▸ **Given material**:
----

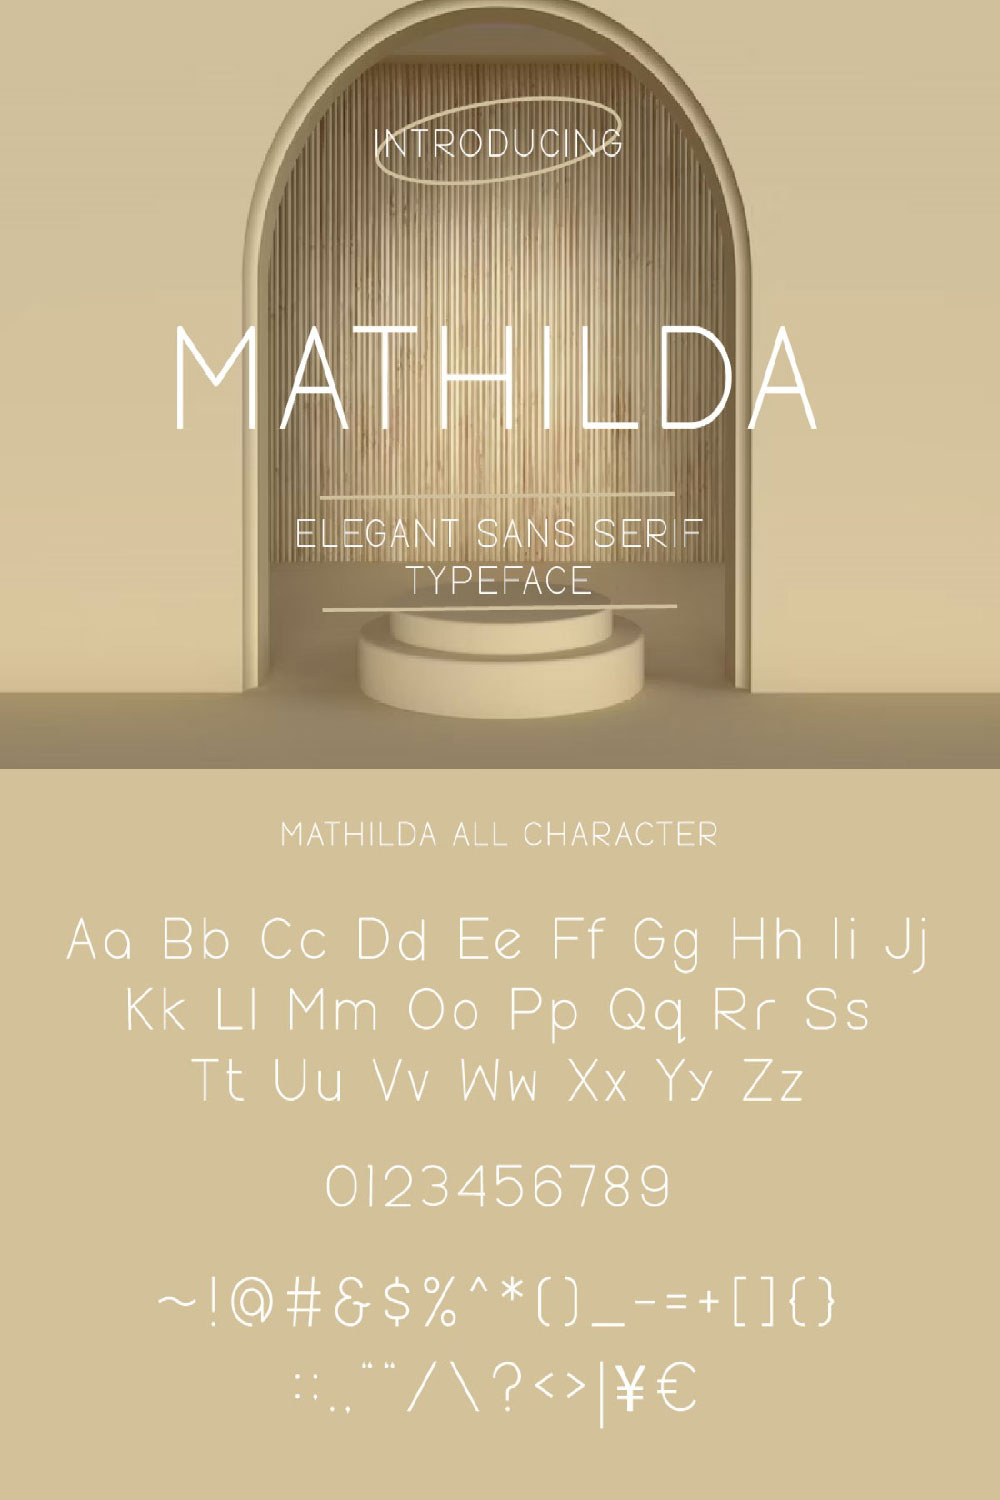 Mathilda Elegant Sans Serif Font pinterest preview image.
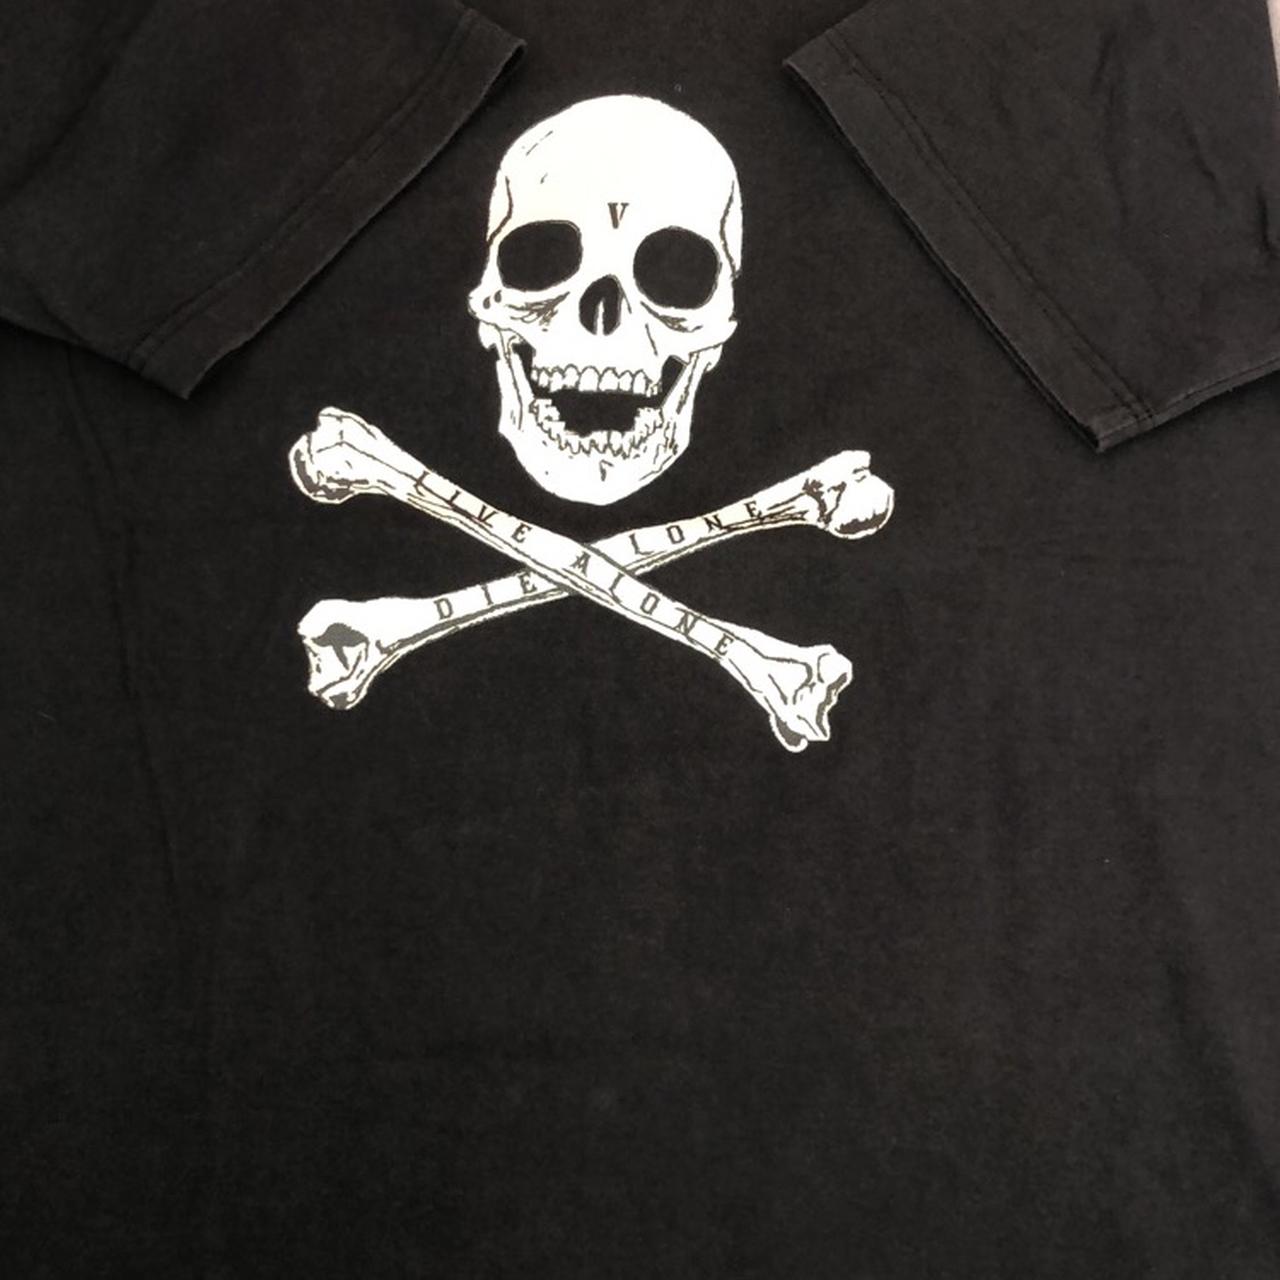 Vlone skull & bones t-shirt 250 obo
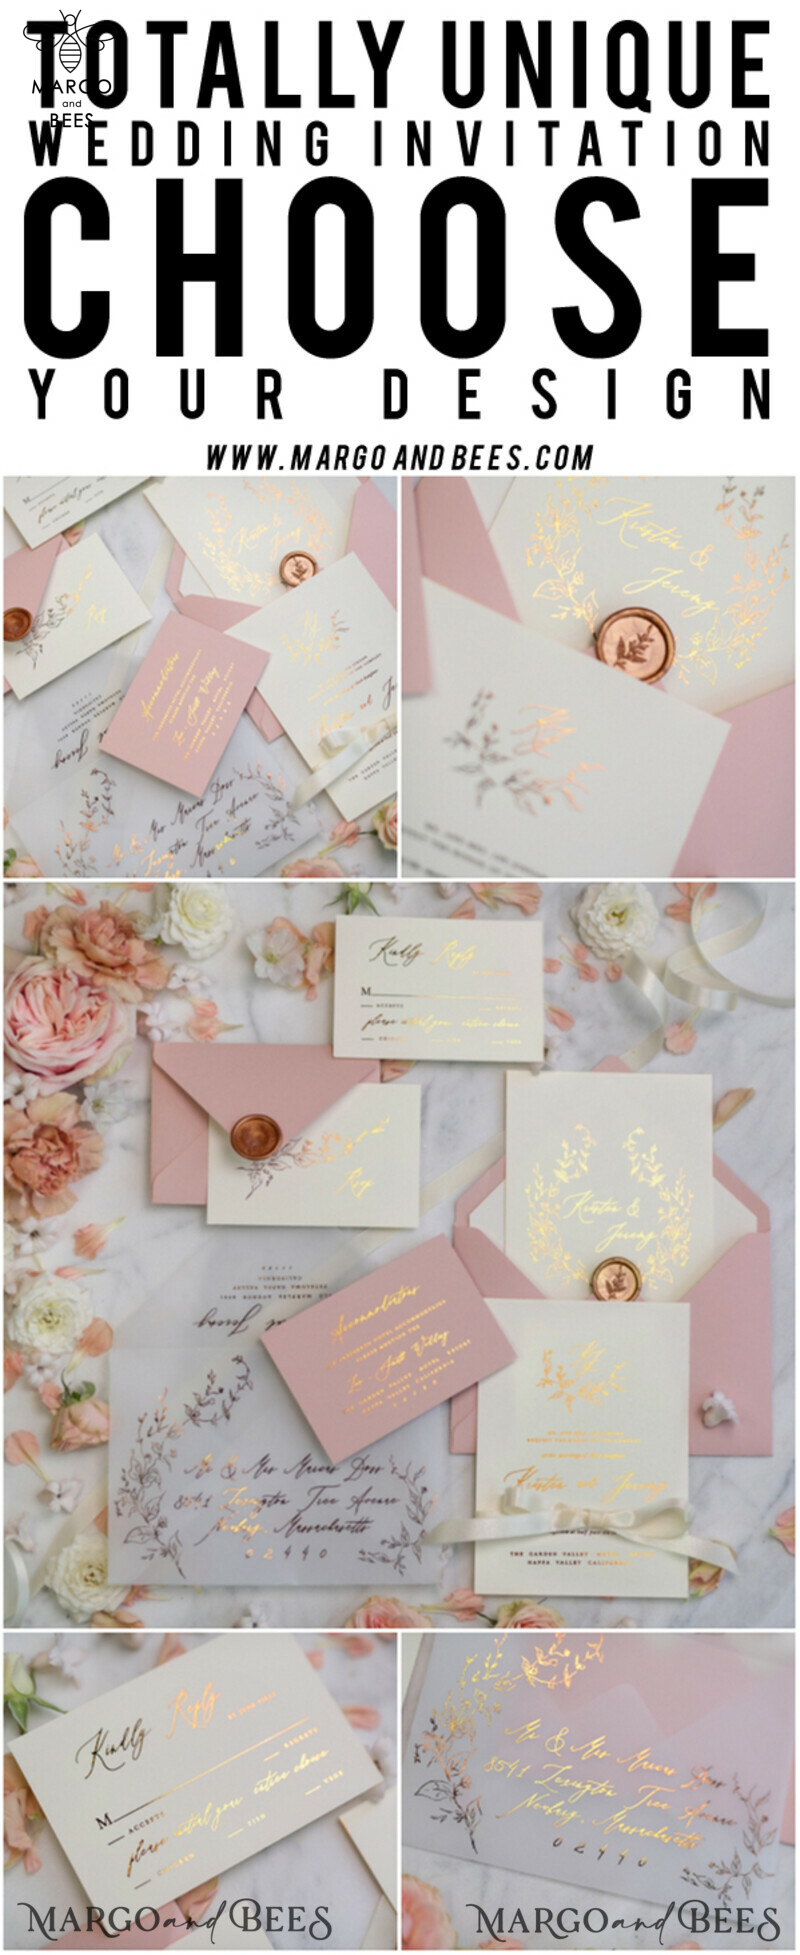 Exquisite Blush Pink and Gold Foil Wedding Invitations: A Unique Vellum Suite for an Elegant Celebration-37

----

Copy the material verbatim. The pictures are not part of the copy.

 Mathilda Elegant Sans Serif Font pinterest preview image.
 Vlone skull & bones t-shirt 250 obo
 Exquisite Blush Pink and Gold Foil Wedding Invitations: A Unique Vellum Suite for an Elegant Celebration-37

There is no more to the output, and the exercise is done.